6. Put in place service level agreements

Service Level Agreements (SLAs) are an important component of selling value added services. After all, business customers view telecoms services as business critical. They are used to SLAs saying that their leased line will be replaced within a fixed time if it fails - or the telco will compensate them generously. The up-front guarantee of SLAs gives customers the peace of mind that their new Voice over DSL services are not going to fail every week or every month. Automated operational support systems make it much easier to monitor key metrics about the service continuously. This in turn makes it easier for both operator and customer to have all the information they need about service performance (for example, via a secure Web site).

Of course, guaranteeing high-quality SLAs for business customers is not free. Operators will need to invest in staff and equipment to meet their obligations. Staff to customer ratios will have to be higher for business customers than for residential subscribers. The other issue concerns what happens when the customer's traffic leaves its operators network, and crosses for example to the incumbent's backbone. Currently this is an unresolved issue in DSL provision, and for SLAs to work, operators and regulators will have to collaborate internationally to ensure minimum service standards.

Conclusions

The market potential for DSL is good, especially in Europe where average copper loop lengths are lower than the US. SMEs, currently paying high prices for voice services and leased lines, are profitable prospects for operators. VoDSL software and equipment, new integrated access devices for the customer premise and improved OSS all make it possible for CLECs with DSL infrastructure to give SMEs what they want: bundled services of voice, data (and later video) with guaranteed service and at a competitive price.

John Bosnell, July 2001

Notes

(1) Easynet's outline figures are for colocation space in the UK.

Capital Costs

Colocation space preparation £50,000

DSL equipment £20,000

Backhaul installation £10,000

Annual Costs

Colocation rental £5,000

Equipment maintenance £2,000

E3 backhaul rental £30,000

Total 3 year cost = £191,000.

Assuming a gross margin of 30% (ie after marketing and provisioning costs), these costs require 650 residential subscribers per CO at £25 per month, but only 125 business subscribers at £130/month.

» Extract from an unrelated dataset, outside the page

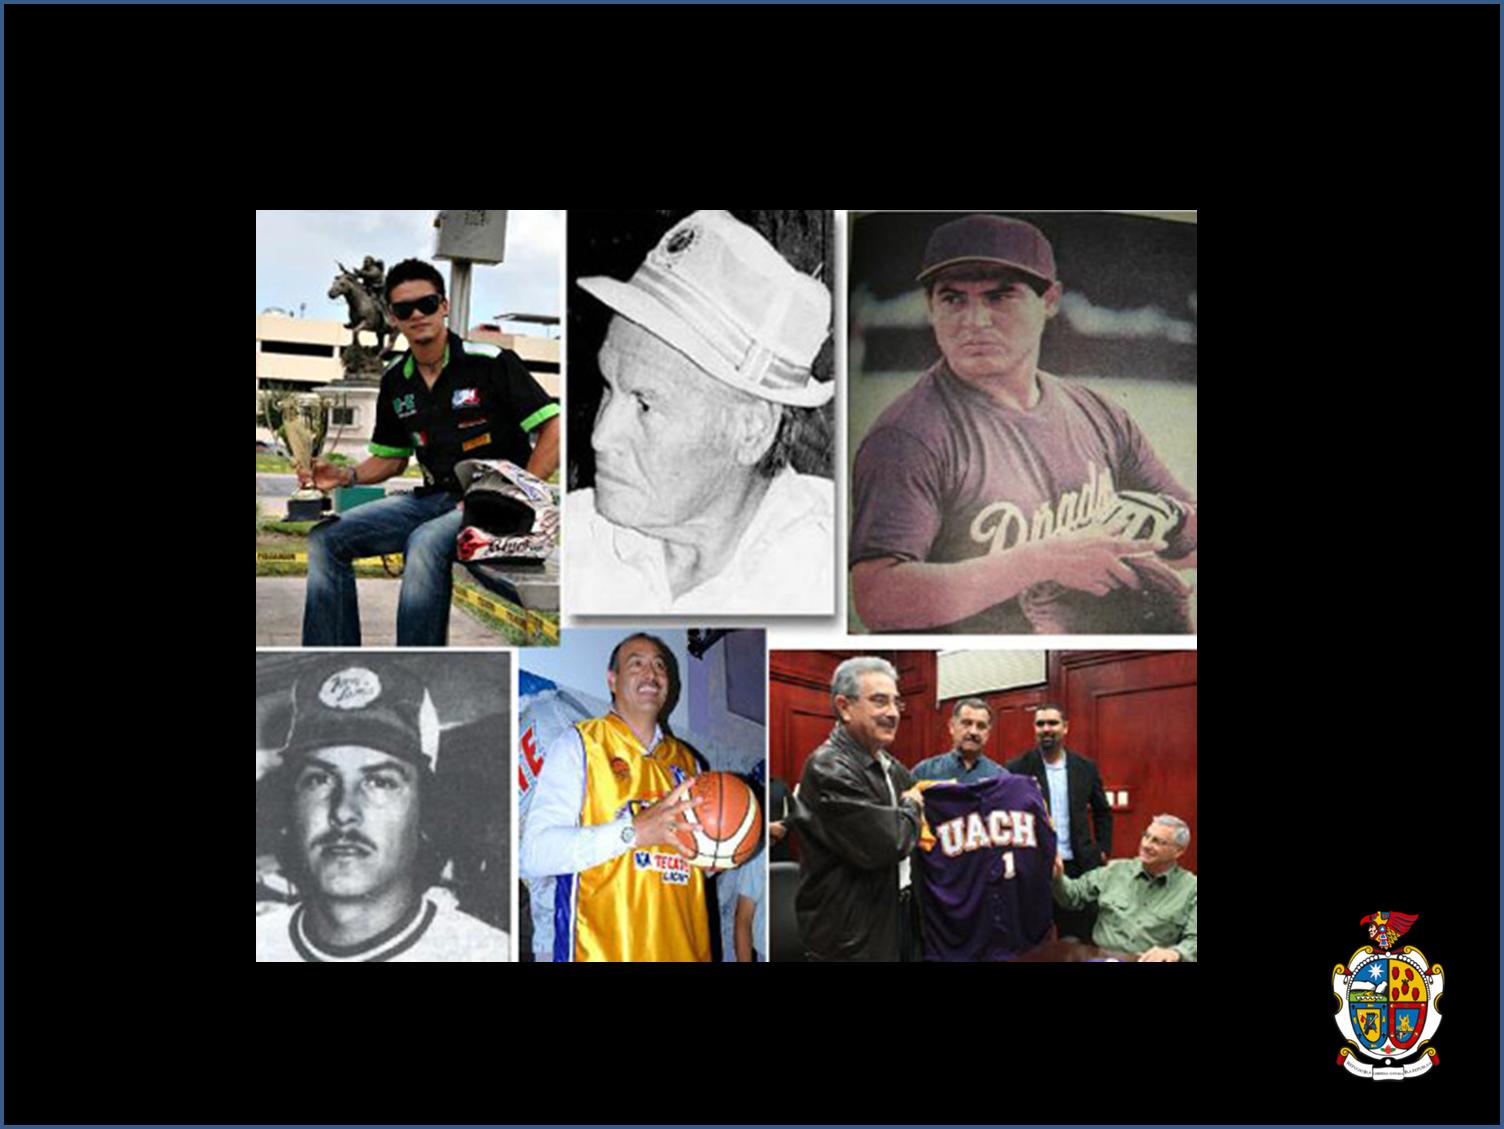 TURISMO EN CIUDAD JUÁREZ  31 de marzo 2011.- El próximo 7 de abril se celebrará el 29 aniversario de la fundación del Salón de la Fama del Deportista Juarense A.C. por lo cual, se tendrán varios eventos a realizar para festejar  momentos históricos en el deporte de esta ciudad. www.turismoenchihuahua.com

(2) DSL supplier Accelerated Networks quotes the following approximate prices per subscriber. It suggests that variations are partly due to historical differences in equipment pricing between North America, Europe and Asia, and partly due to the fact that many US operators signed contracts first, when equipment costs were higher. Cost per subscriber, North America, 1997 = $1000. Cost per subscriber in mid-2001. USA = $300-350, Europe = $200-250, Asia = $130-170.